Although she is now the creative director for a multi-billion-dollar global brand and her workload has changed exponentially, Viard has resisted any effort to adapt her private life. While Lagerfeld famously surrounded himself by turns with world-class art deco treasures, then museum-quality 18th-century decorative arts, then state-of-the-art contemporary design, Viard lives in the same artist’s atelier in the unfashionable 14th arrondissement that she bought 20 years ago and sees no reason to upgrade. “I love it,” she explains. “Karl was always laughing because I never wanted to change anything: If I bought a new car, it was exactly like the old one!”

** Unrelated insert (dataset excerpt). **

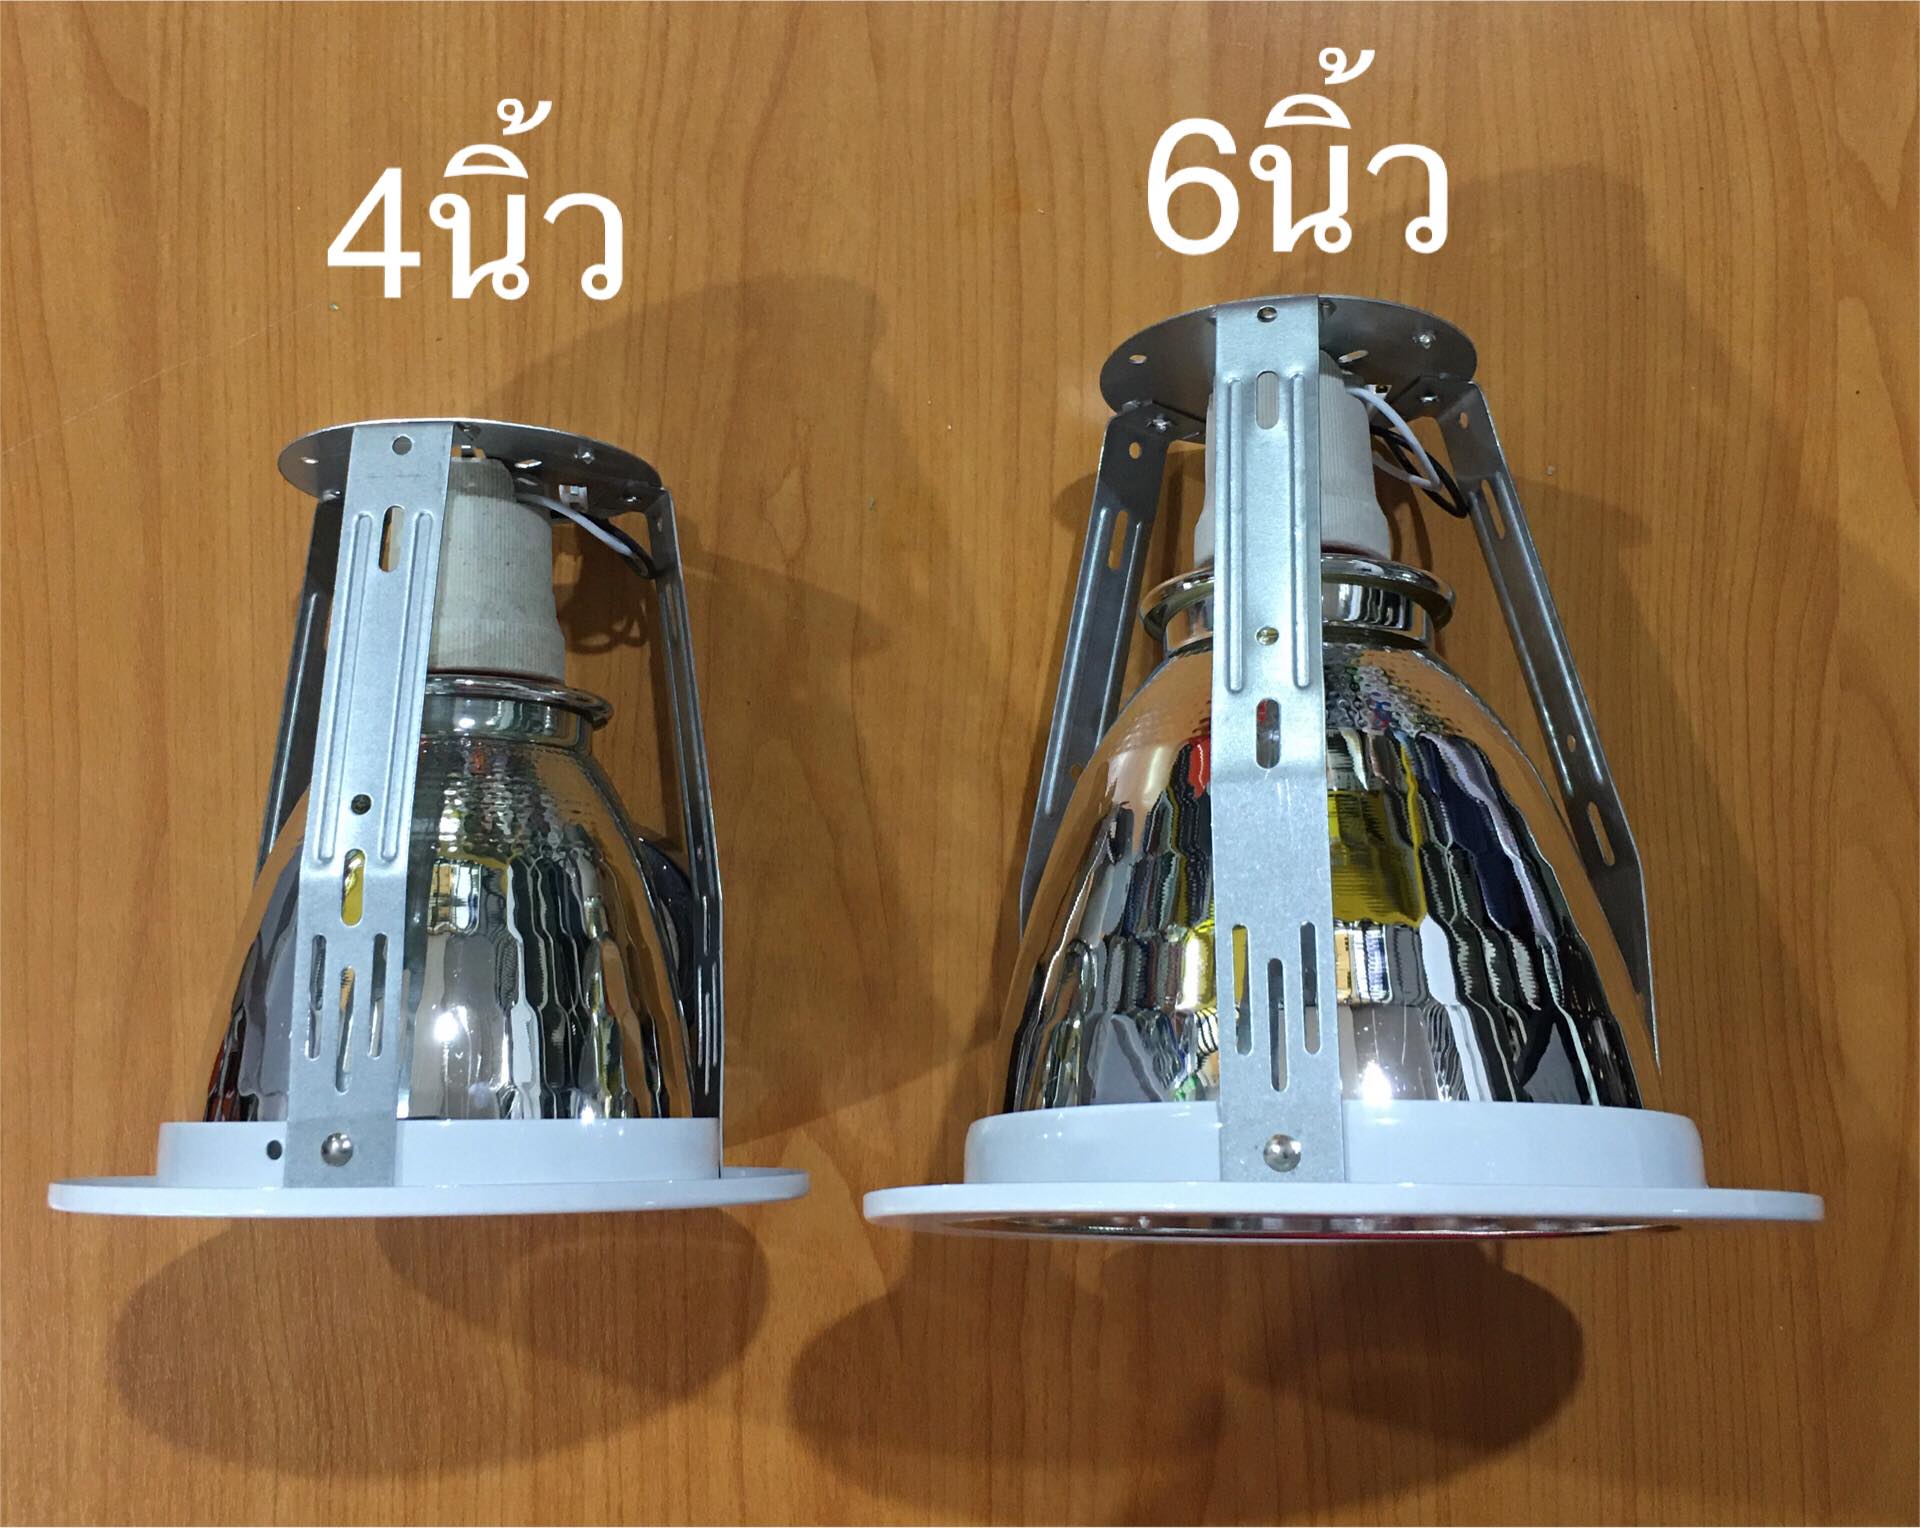 รายละเอียดเพิ่มเติมเกี่ยวกับ L&E โคมไฟฝังฝ้า 6นิ้ว พร้อมหลอด LED 13W เดยไลท์ วอร์มไวท์ และ หลอดหรี่ไฟ ขอบขาว โคมดาวน์ไลท์ ดาวไลท์ โคมฝัง LED จัดส่งKerry

Viard spent lockdown with her partner, the composer and music producer Jean-Marc Fyot (whom she describes as “mon fiancé”), and their 25-year-old son, Robinson, in their modest village house in Drôme Provençale. When Viard bought it some two decades ago, Fyot described it as “a squat,” although Viard has since made some home improvements. Fortunately, Viard was between collections when France went into strict quarantine, having recently launched the Métiers d’Art collection and planned the spring 2021 ready-to-wear. In the country, she distracted herself with bicycle rides, swimming in her pool, and cooking and cleaning. “It de-stresses me to see the results,” she explains.
When she returned to Paris and a studio full of masked accomplices, Viard plunged into work on the eclectic spring 2021 collection, which she is now unveiling beneath the writhing art nouveau ironwork of the Grand Palais against a set that mimics the iconic Hollywood sign but spells Chanel.
“It’s a very different season,” said the show’s producer, Etienne Russo, “but we have to adapt.” Fyot is on hand for support, rock-star chic in skinny black leather jeans and a hoodie under his daytime tuxedo, while Viard, dressed to match in a lean black Chanel coat to the ankles, narrow pants, and patent Chelsea boots, is preternaturally calm: She has done this dozens of times before, of course, and the Chanel machine ensures that everything happens like clockwork even while the support teams are all masked and the models have been tested for Covid.
The collection begins cinematically with Christophe’s music, which appropriates some lines from an old movie – Viard thinks it is Max Ophüls’s 1955 Lola Montès – and she is thrilled that the final grouping of Jazz Age black and white ensembles that she sees on the monitor reminds her of the stylized blocking in Marienbad.
Viard, who disdains personal social media and would still rather stay in the shadows, winces before she steps front of stage for the necessary bow. “She wants her work to be in the light, rather than her,” says de Maigret. “I find it so modern.”
Backstage, Viard’s friends congratulate her. “It’s glamorous and luxurious,” says the musician Sébastien Tellier, “but it’s a caress – it’s light, it’s super sweet.” As Kristen Stewart, watching across the Atlantic, puts it: “She’s really finding herself and projecting her voice as an artist. I can hear it loud and clear.”